Casa de Antiguidades é sobre um negro idoso, o que seria o grupo vulnerável, de risco. Antônio Pitanga é quem faz o papel. Ele precisa trabalhar e vai para uma comunidade fictícia de austríacos no Sul do Brasil. Na casa do título descobre uma coisa que remete a acontecimentos passados, mas que ainda persistem. Reage feito bicho, de forma selvagem. Enfrenta preconceito. “O filme é contemporâneo, num clima que evoca os anos 1970, a época da ditadura e eu diria até que é meio futurista, mas retrô. Não é de gênero, mas tem elementos de faroeste, tem suspense.”

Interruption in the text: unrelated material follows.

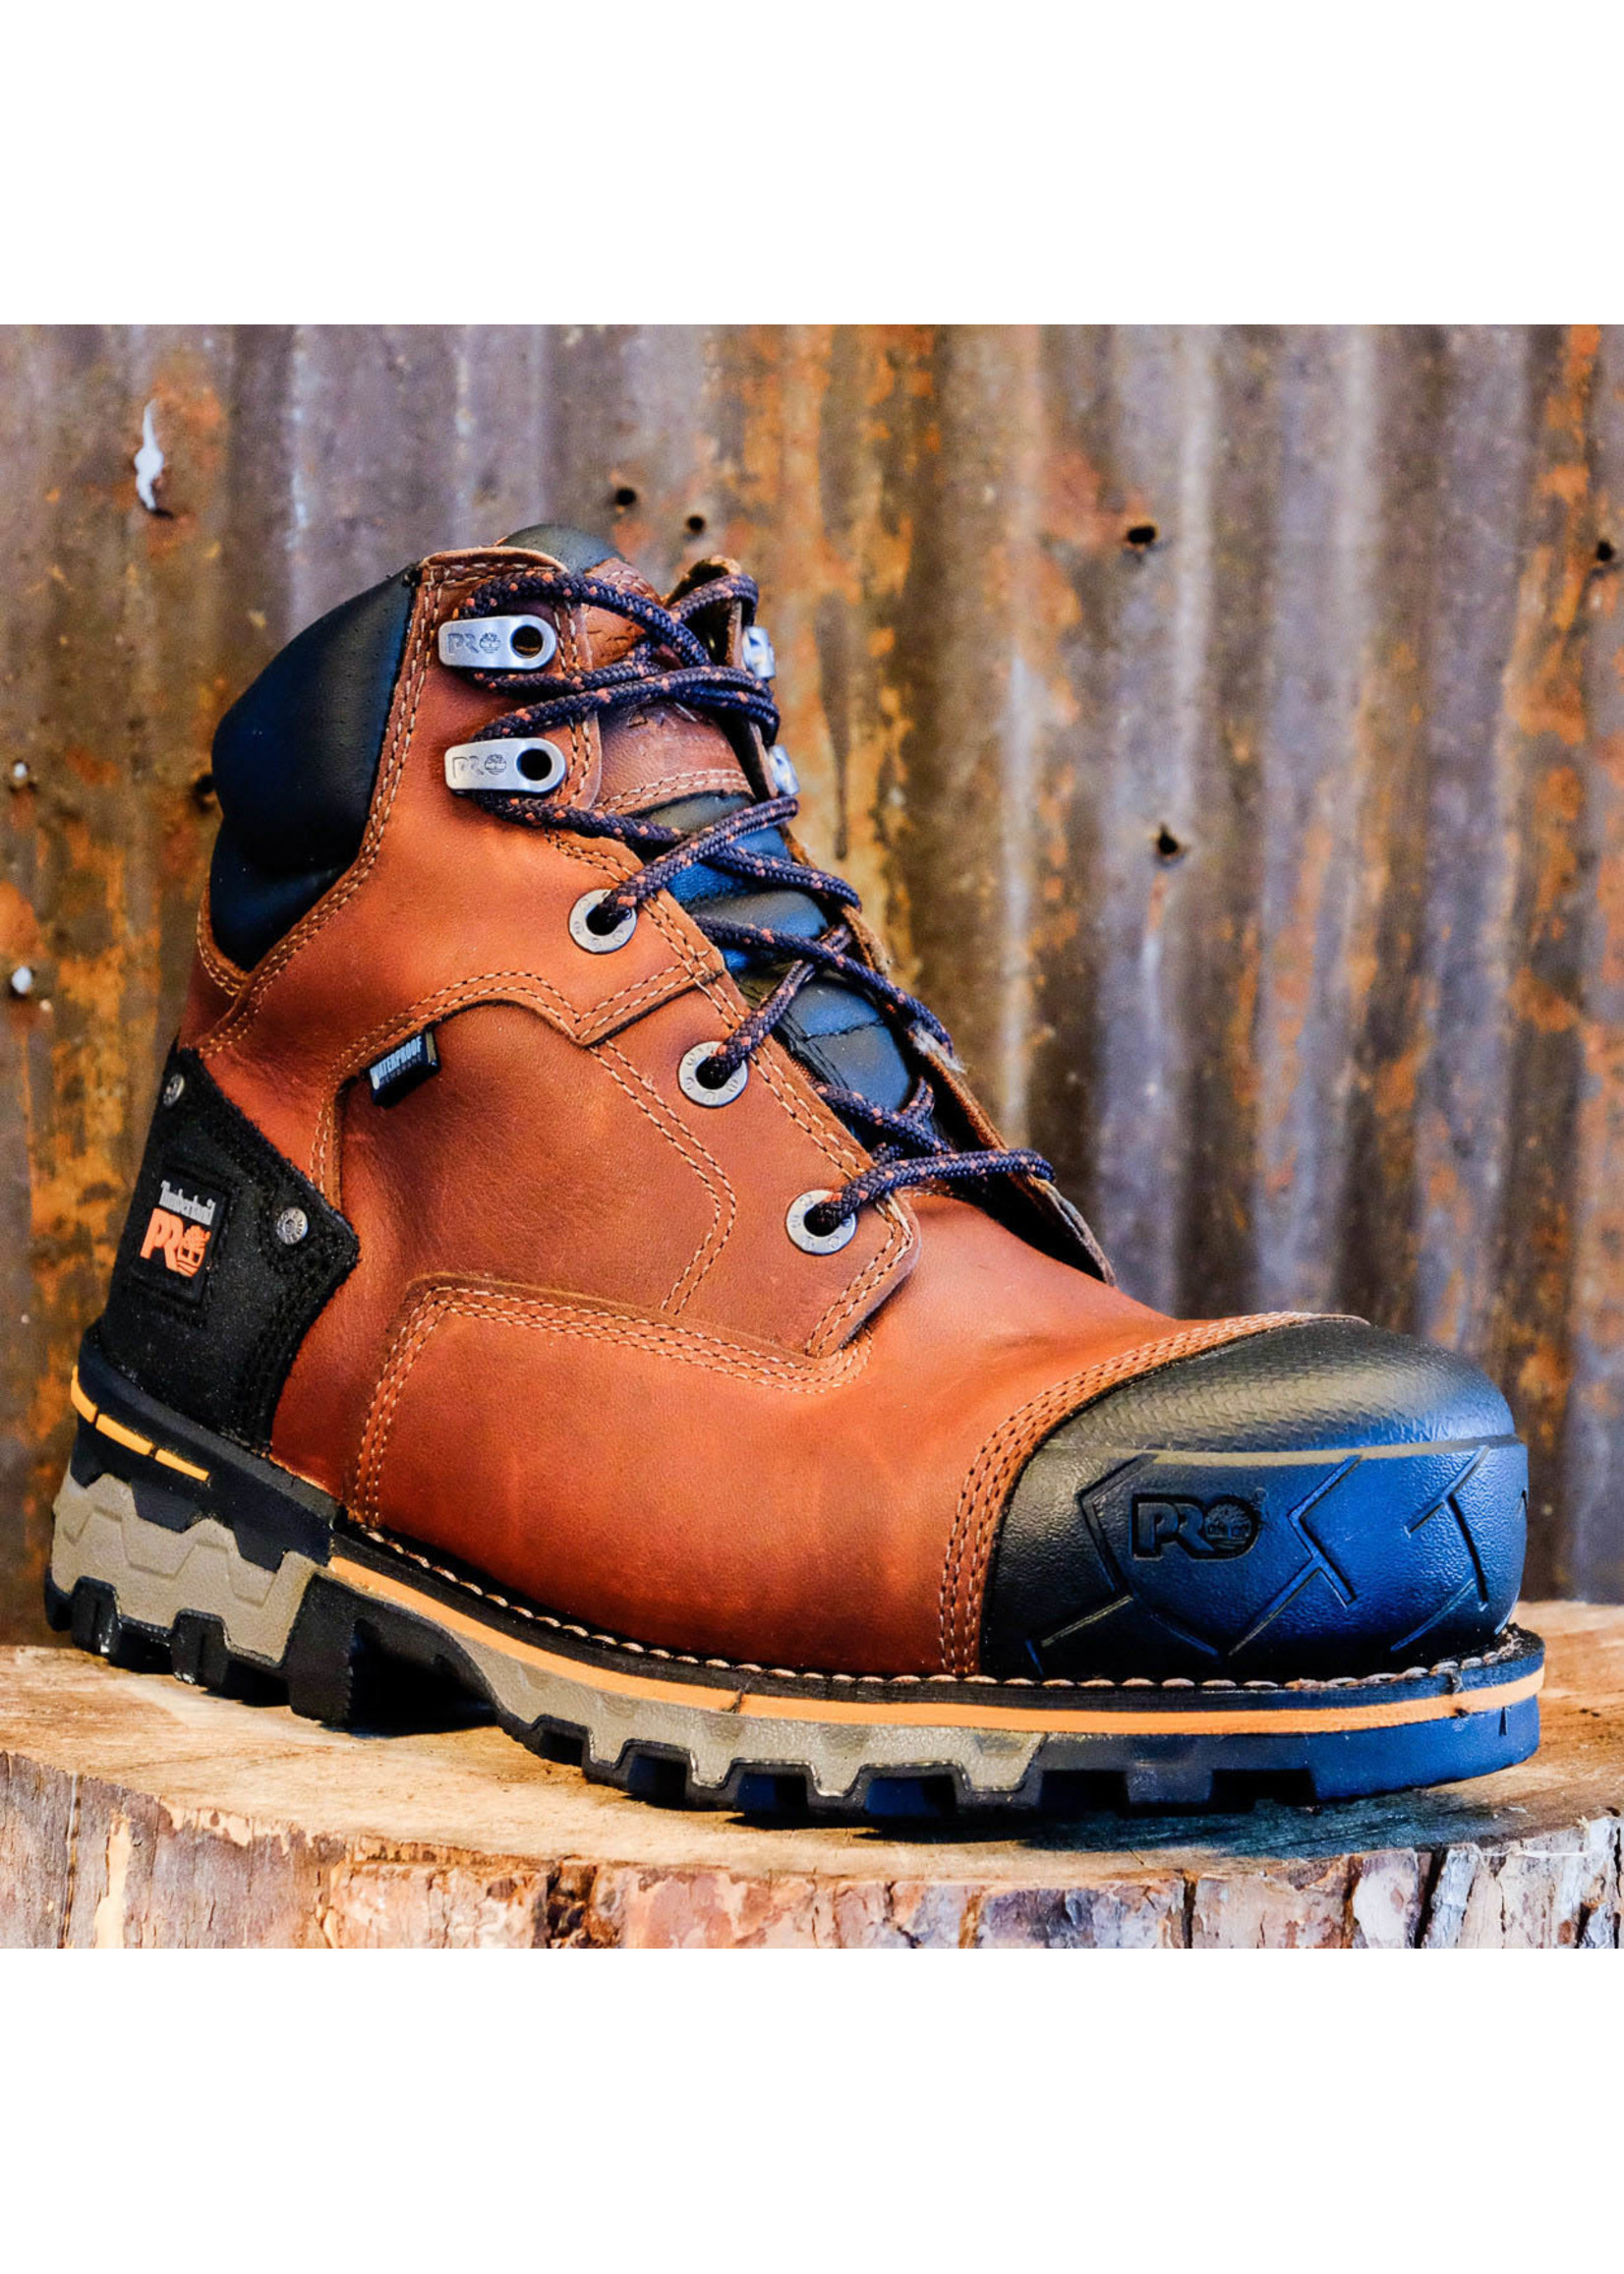 "Timberland Pro Boondock 6"" WP Soft Toe Work Boot 92673"
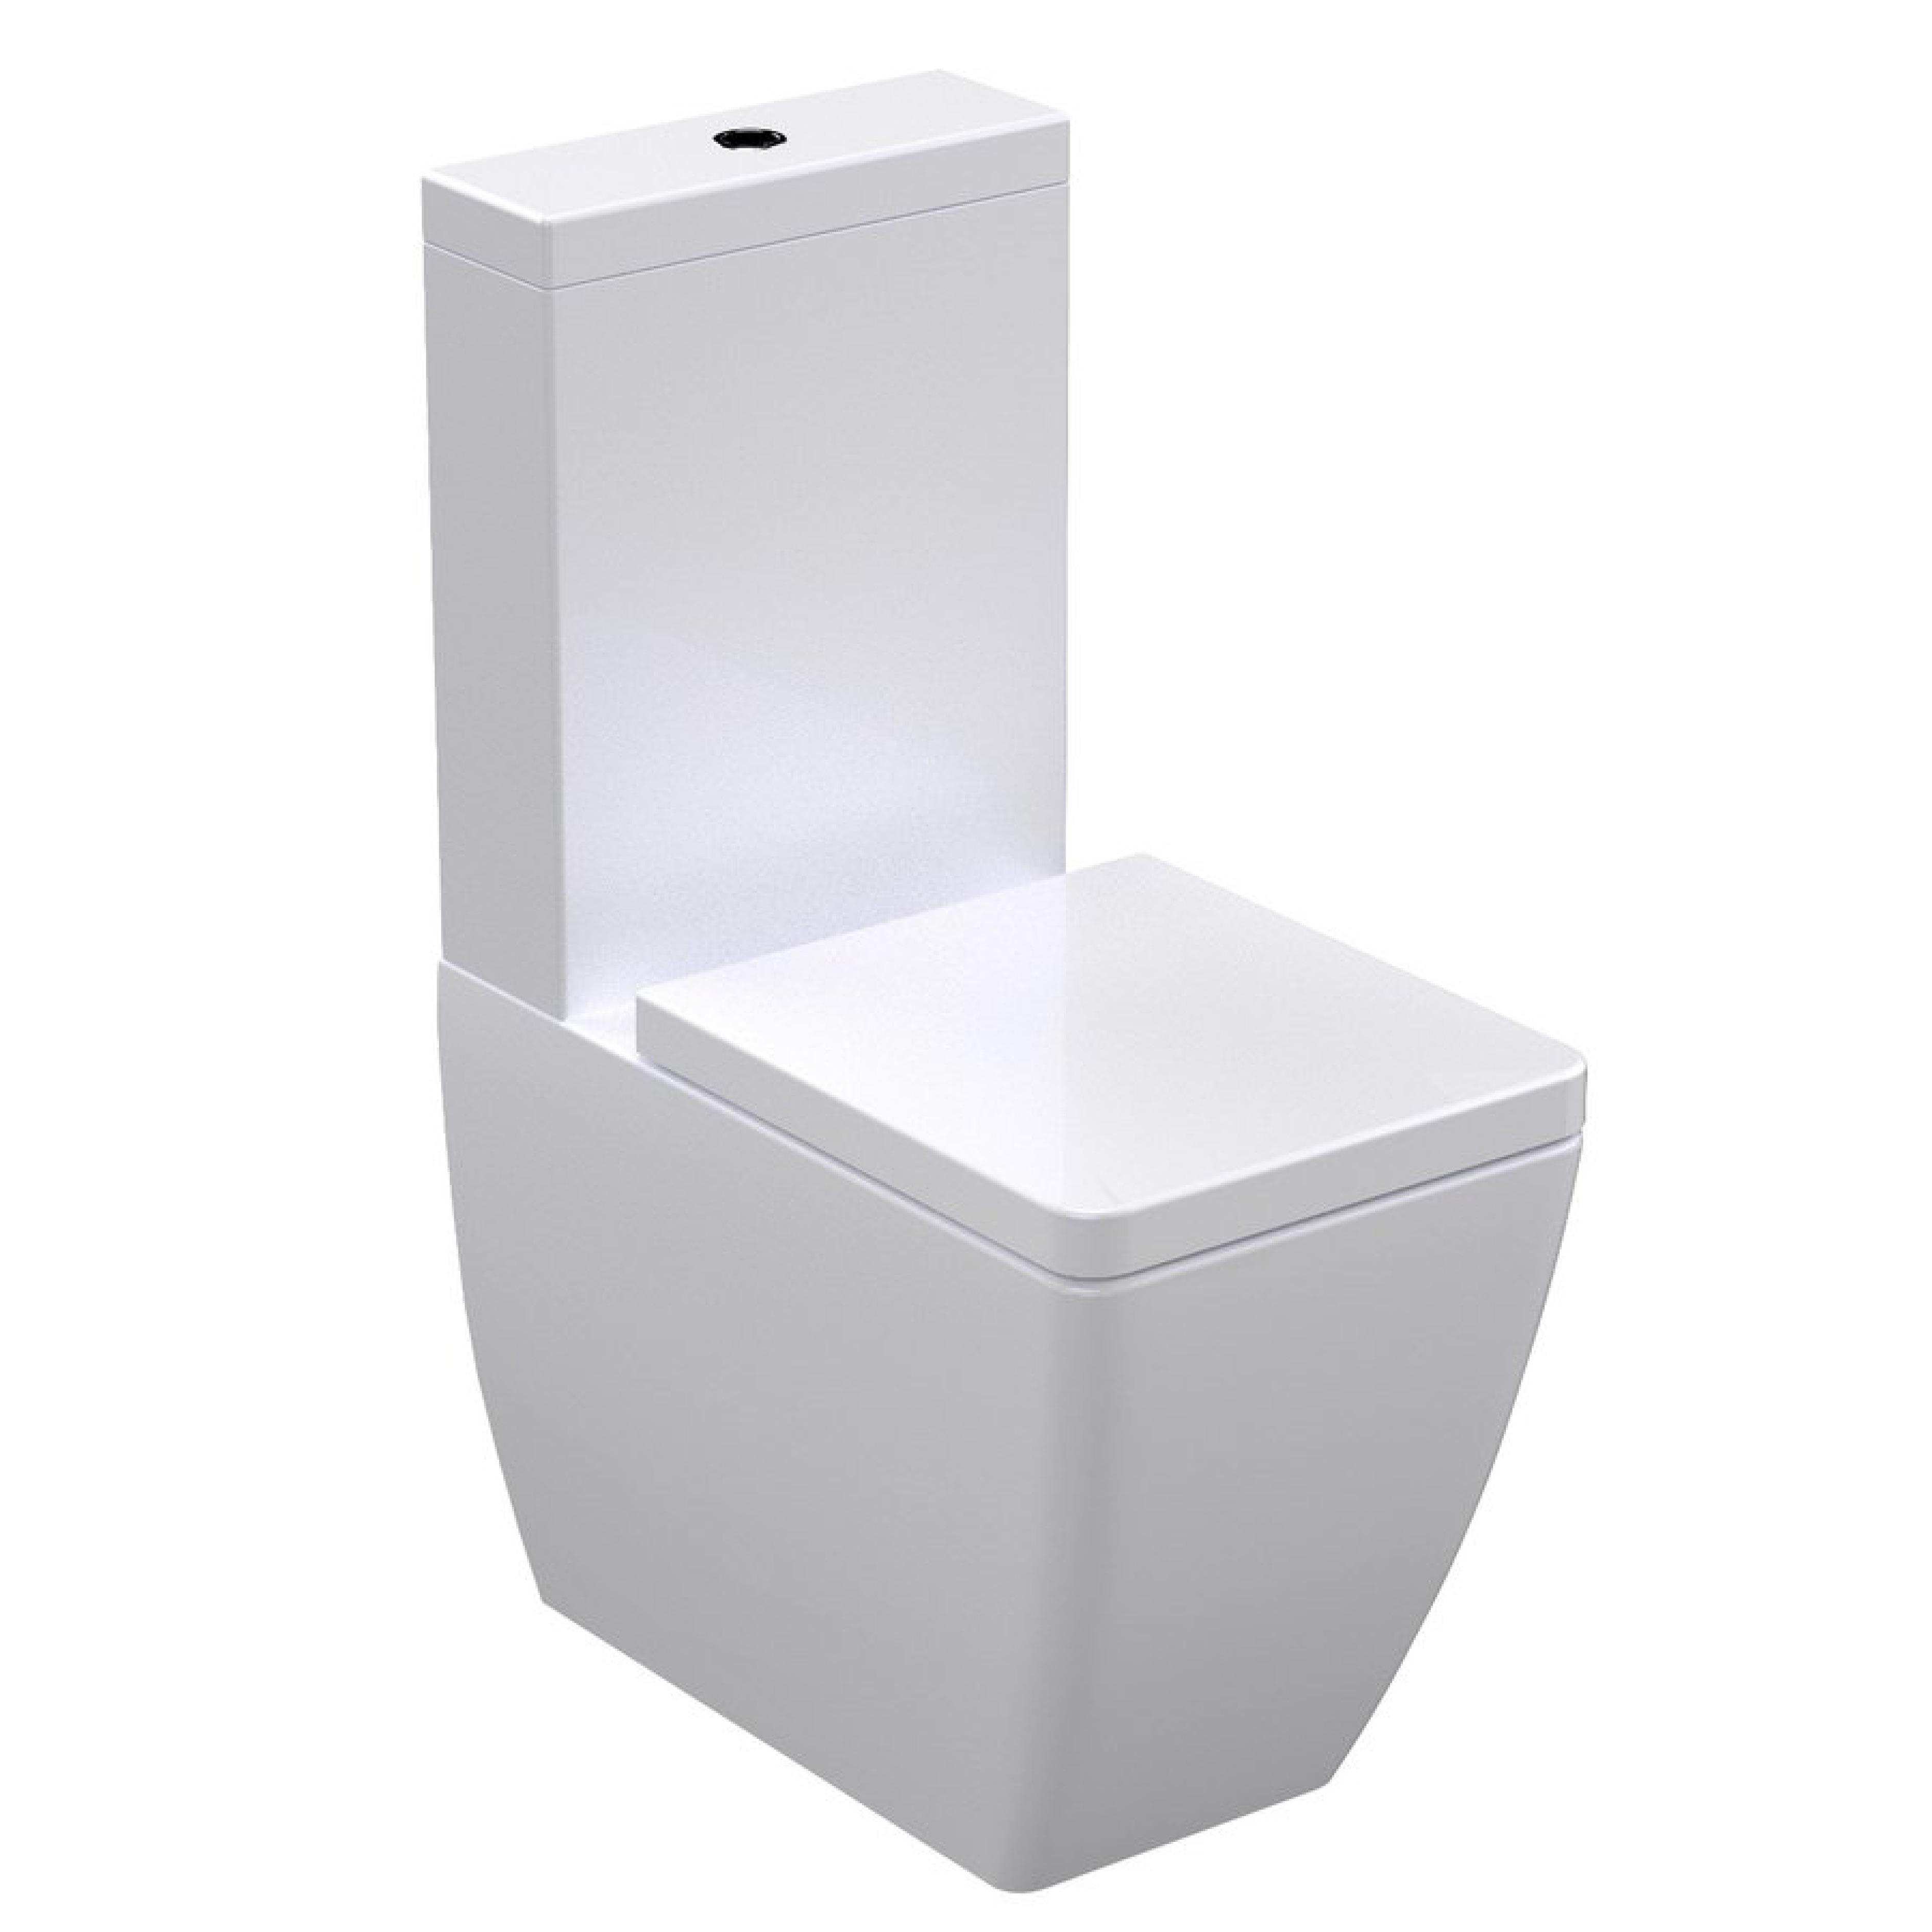 wc poser 36x60cm ego 321701 aquabains. Black Bedroom Furniture Sets. Home Design Ideas

O que João Paulo Miranda Maria não tem dúvida é que se trata de um filme radical. “Não fiz para agradar a ninguém, não é um filme fácil. É o filme que acho que tem de ser feito neste momento.” Ele conversa com o repórter pelo telefone da mesma localidade na periferia de Paris em que viveu Georges Méliès.

“Moro na mesma rua em que ele morava”, conta. A França começa a relaxar as medidas de isolamento. A flexibilização chegará aos cinemas no dia 22, com a promessa de reabertura das salas, com toda segurança e medidas excepcionais de distanciamento. João Paulo tem um filho especial. “Acho que foi a maior descoberta que fiz aqui. Uma coisa muito bacana de cidadania. Meu filho recebe aqui um atendimento, na escola inclusive, que mostra como estamos atrasados no Brasil. Aqui, o problema não é individual, nem da família. É da comunidade, da sociedade como um todo.”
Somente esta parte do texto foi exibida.